The Downside of Private Equity Investing: Implications for Society (2024)

The Downside of Private Equity Investing: Implications for Society (1)

Introduction

In recent years, private equity investing has emerged as a formidable presence in the financial realm, gaining considerable attention. Although it holds the promise of advantages for investors and businesses alike, it is essential to recognize the accompanying drawbacks and evaluate their societal ramifications. This article aims to delve into the critical pitfalls linked to private equity investments, shedding light on how they can impact society at large.

Some of these issues are largely unique (i.e. Hospitals) to the US however many others are common on a global basis. The maturity of private equity, in different markets, means that the relative impact of these drawbacks varies by jurisdiction.

If you have clients that are socially aware you need to consider these factors when making your recommendations. At a minimum, you should disclose these potential social impacts.

1. Job Losses and Restructuring:

One of the primary concerns surrounding private equity investing is its impact on employment. When a private equity firm acquires a company, it often aims to maximize profitability by restructuring operations. This frequently involves cost-cutting measures, such as layoffs, outsourcing, and streamlining processes. While these actions may enhance financial returns for investors, they can have a detrimental effect on employees and their families. Job losses and reduced job security contribute to social and economic instability, with potential ripple effects throughout communities. Research from the NY Times talks about the direct impact but also the indirect impact. As US-based PE firms seek to operate in other markets they have bought with them the same outcomes.

In the last decade, private equity management has led to approximately 1.3 million job losses due to retail bankruptcies and liquidation. Beyond the companies directly controlled by private equity, the threat of being the next takeover target has most likely led other companies to pre-emptively cut wages and jobs to avoid being the weakest prey. (NY Times www.nytimes.com/2020/07/02/opinion/private-equity-inequality.htm ) 
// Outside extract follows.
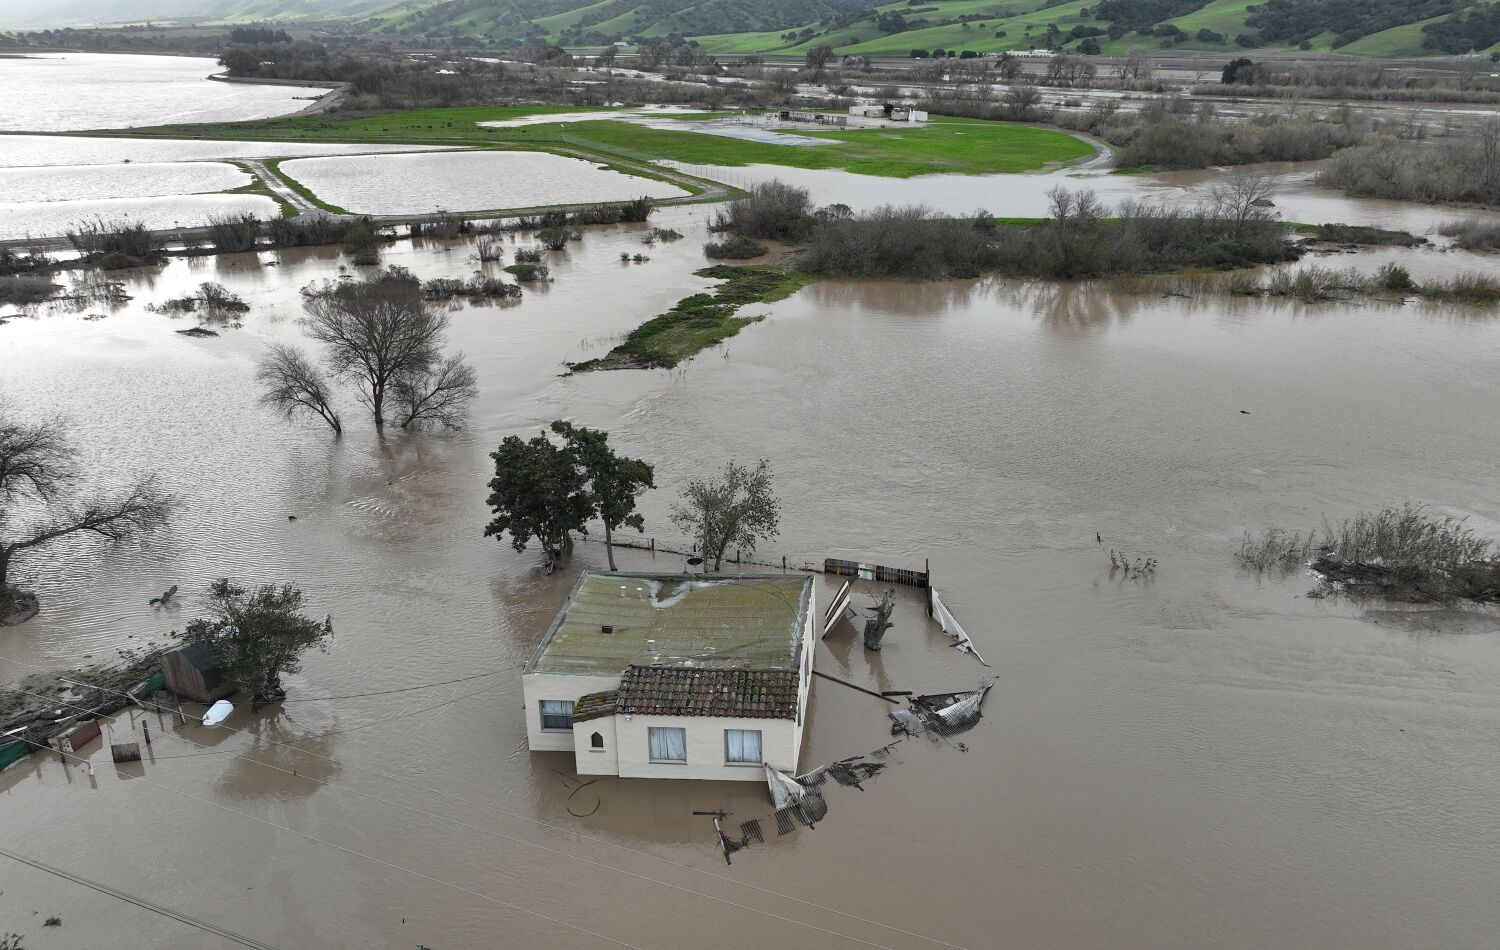 Editorial: Restore California's floodplains to capture more stormwater, protect human life

2. Short-Term Focus and Value Extraction:

Private equity firms typically have a short investment horizon, typically three to seven years, during which they seek to generate substantial returns. This time frame often encourages a short-term focus on profitability rather than long-term sustainability. To meet their financial goals, private equity investors may prioritize cost reductions, asset sales, or excessive debt financing, sometimes at the expense of long-term growth, research and development, and investment in human capital. This narrow focus can hinder innovation and hinder a company's ability to contribute positively to society through product development, job creation, and technological advancements.

"Private equity's relentless pursuit of short-term gains can undermine the long-term sustainability and value creation potential of businesses, stifling innovation, job creation, and societal progress."The Private Equity Stakeholder Project (PESP) 
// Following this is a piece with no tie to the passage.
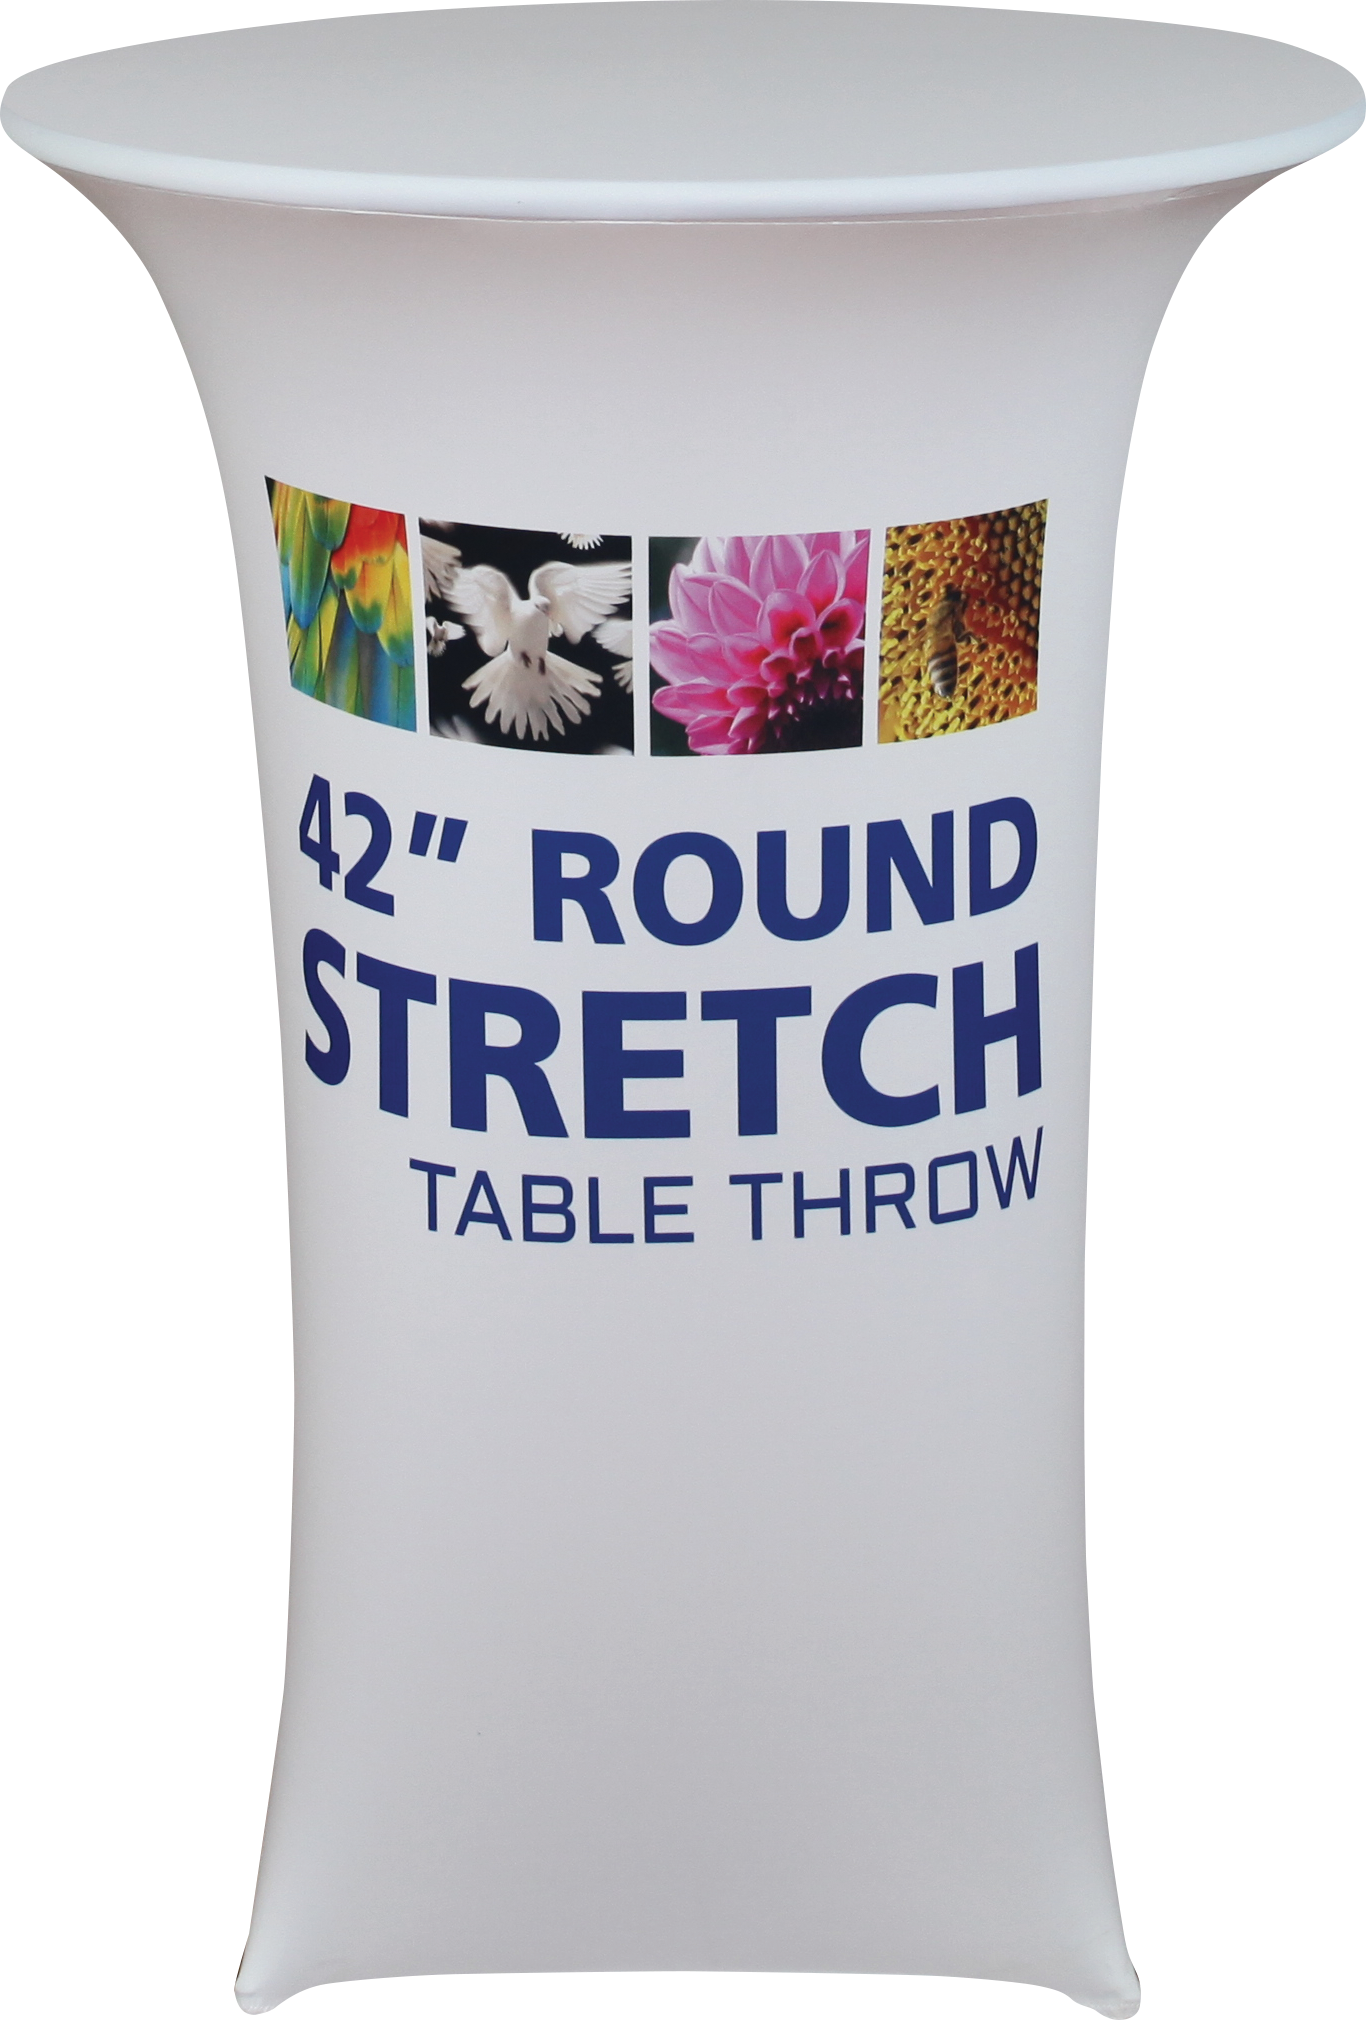 Round- stretch- table throw- table- local- trade show- VA- Undercover Printer

3. Lack of Transparency and Accountability:

Another significant downside of private equity investing lies in the lack of transparency and accountability. Due to their private nature, private equity firms operate with limited public scrutiny, which can lead to potential abuses or questionable practices. This opacity may hinder the detection of unethical behaviour, including excessive leverage, tax avoidance strategies, or aggressive cost-cutting measures that adversely affect employees, suppliers, or the environment. Limited accountability mechanisms raise concerns about corporate governance and overall societal welfare. The loading of company balance sheets with debt, that is not used to grow the company but to remunerate the PE Firm is a classic example of this issue.

This quote, from CALPERS, is a good example of the lack of transparency in the PE space. Most of the large US names in this space were fined by the SEC in 2015 for hiding fees.
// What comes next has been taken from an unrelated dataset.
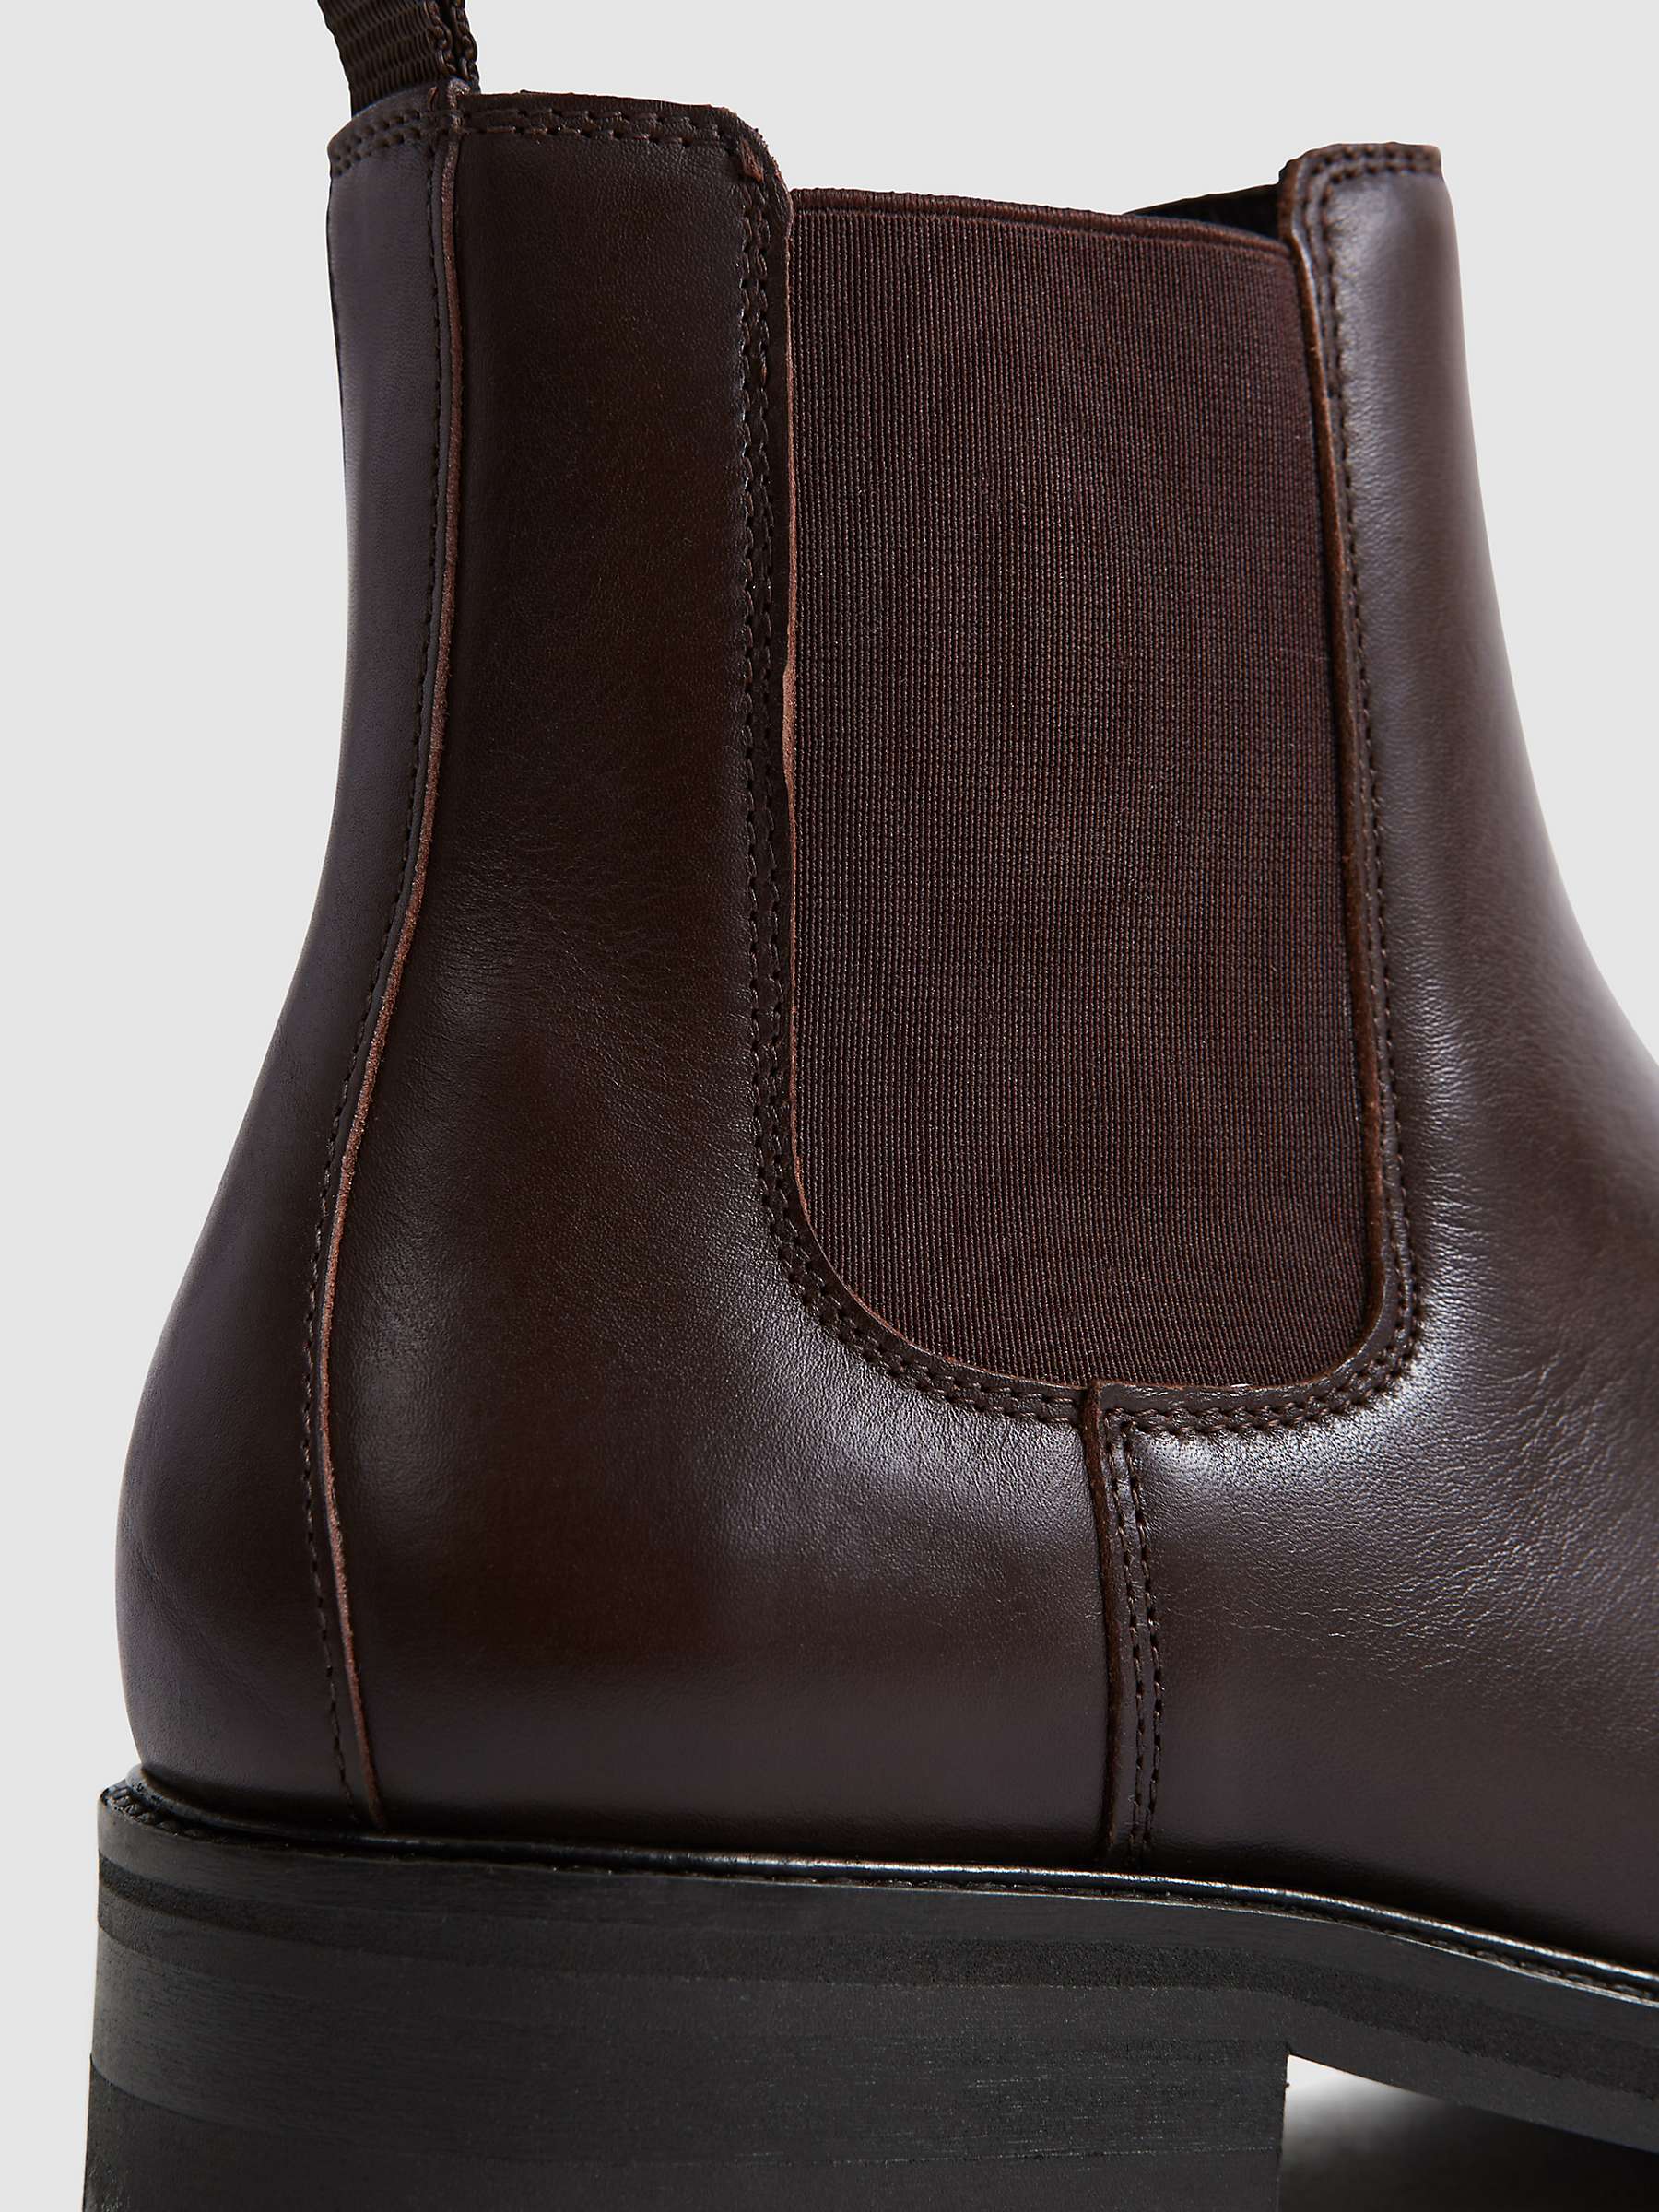 Buy Reiss Chiltern Chelsea Boots, Chocolate Online at johnlewis.com

"The problem is not subpar performance: At the fund’s Juneinvestment committee meeting, Eliopoulos cited the asset class as one of the fund’s best sources of return in an otherwise lackluster environment. The problem istransperancy." Private Equity’s Other Transparency Problem | Institutional Investor 

4. Some industries Don't Suit:

Healthcare:

Private equity investment in the healthcare industry has raised ethical concerns due to its potential impact on patient care and access to essential services. Profit-driven strategies and cost-cutting measures employed by some private equity firms may compromise the quality of care provided to patients. Moreover, the focus on short-term financial gains can lead to closures of healthcare facilities in underserved areas, exacerbating healthcare disparities. Prioritizing patient welfare over profit maximization is crucial in an industry that directly affects people's well-being.

The Downside of Private Equity Investing: Implications for Society (2)

This is an excellent panel discussion on the topic of private equity in healthcare if you are interested in learning more about this topic.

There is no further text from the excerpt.